Stack trace returned 10 entries:
[bt] (0) /usr/local/lib/python2.7/dist-packages/mxnet/libmxnet.so(+0x21d6d4) [0x7f00719ec6d4]
[bt] (1) /usr/local/lib/python2.7/dist-packages/mxnet/libmxnet.so(+0x21dab1) [0x7f00719ecab1]
[bt] (2) /usr/local/lib/python2.7/dist-packages/mxnet/libmxnet.so(mxnet::NDArray::Chunk::SetMKLMem(nnvm::TShape const&, int)+0xe7) [0x7f007450a317]
[bt] (3) /usr/local/lib/python2.7/dist-packages/mxnet/libmxnet.so(mxnet::NDArray::GetMKLDNNData() const+0x5e) [0x7f007451482e]
[bt] (4) /usr/local/lib/python2.7/dist-packages/mxnet/libmxnet.so(void mxnet::op::CastStorageComputeImpl<mshadow::cpu>(mxnet::OpContext const&, mxnet::NDArray const&, mxnet::NDArray const&)+0x267) [0x7f007239ebd7]
[bt] (5) /usr/local/lib/python2.7/dist-packages/mxnet/libmxnet.so(mxnet::common::CastNonDefaultStorage(std::vector<mxnet::NDArray, std::allocator<mxnet::NDArray> > const&, std::vector<mxnet::NDArray, std::allocator<mxnet::NDArray> > const&, mxnet::OpContext const&, bool)+0x24f) [0x7f007434207f]
[bt] (6) /usr/local/lib/python2.7/dist-packages/mxnet/libmxnet.so(mxnet::imperative::PushFCompute(std::function<void (nnvm::NodeAttrs const&, mxnet::OpContext const&, std::vector<mxnet::TBlob, std::allocator<mxnet::TBlob> > const&, std::vector<mxnet::OpReqType, std::allocator<mxnet::OpReqType> > const&, std::vector<mxnet::TBlob, std::allocator<mxnet::TBlob> > const&)> const&, nnvm::Op const*, nnvm::NodeAttrs const&, mxnet::Context const&, std::vector<mxnet::engine::Var*, std::allocator<mxnet::engine::Var*> > const&, std::vector<mxnet::engine::Var*, std::allocator<mxnet::engine::Var*> > const&, std::vector<mxnet::Resource, std::allocator<mxnet::Resource> > const&, std::vector<mxnet::NDArray*, std::allocator<mxnet::NDArray*> > const&, std::vector<mxnet::NDArray*, std::allocator<mxnet::NDArray*> > const&, std::vector<unsigned int, std::allocator<unsigned int> > const&, std::vector<mxnet::OpReqType, std::allocator<mxnet::OpReqType> > const&)::{lambda(mxnet::RunContext)#1}::operator()(mxnet::RunContext) const+0x372) [0x7f00743d2ee2]
[bt] (7) /usr/local/lib/python2.7/dist-packages/mxnet/libmxnet.so(+0x2b5ba6d) [0x7f007432aa6d]
[bt] (8) /usr/local/lib/python2.7/dist-packages/mxnet/libmxnet.so(+0x2b5ba57) [0x7f007432aa57]
[bt] (9) /usr/local/lib/python2.7/dist-packages/mxnet/libmxnet.so(+0x2b5ba57) [0x7f007432aa57]
pengzhao-intel commented 5 years ago

Thanks @awsbillz , we will take a look :)

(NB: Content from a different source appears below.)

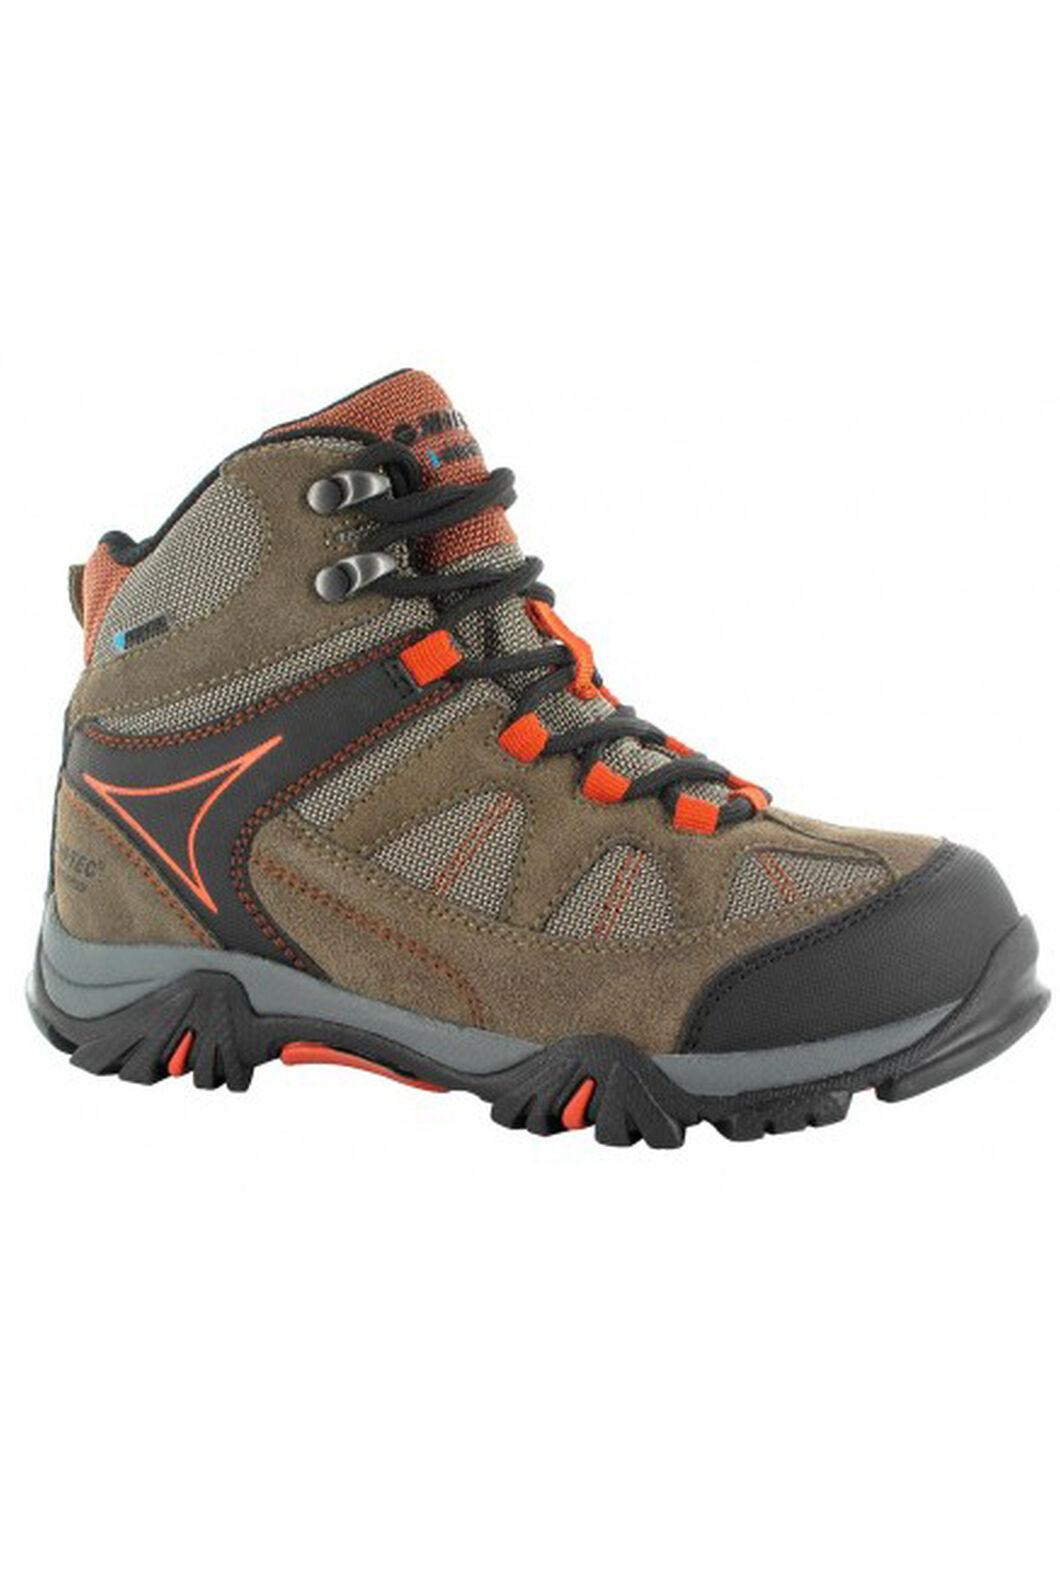 Hi-Tec Altitude Lite I WP Boots - JR, Smokey Brown/Taupe/Red Rock, hi-res

TaoLv commented 5 years ago

Thank you for sharing the reproducer, @awsbillz . Is it possible for you to try a recent night build of MXNet? I think the issue has been fixed on master branch. To install night build through pip: pip install mxnet-mkl --pre

awsbillz commented 5 years ago

The nightly build does appear to have fixed our issue. Could you point us to the commit that fixed the issue just for reference?

When/will this be in the next release?

TaoLv commented 5 years ago

Should be this one: https://github.com/apache/incubator-mxnet/commit/c4a619c6808df82e65081bf55e815c7a7ec55566

pengzhao-intel commented 5 years ago

The change will go into release 1.5. Closing now and feel free to reopen if there are any other issues.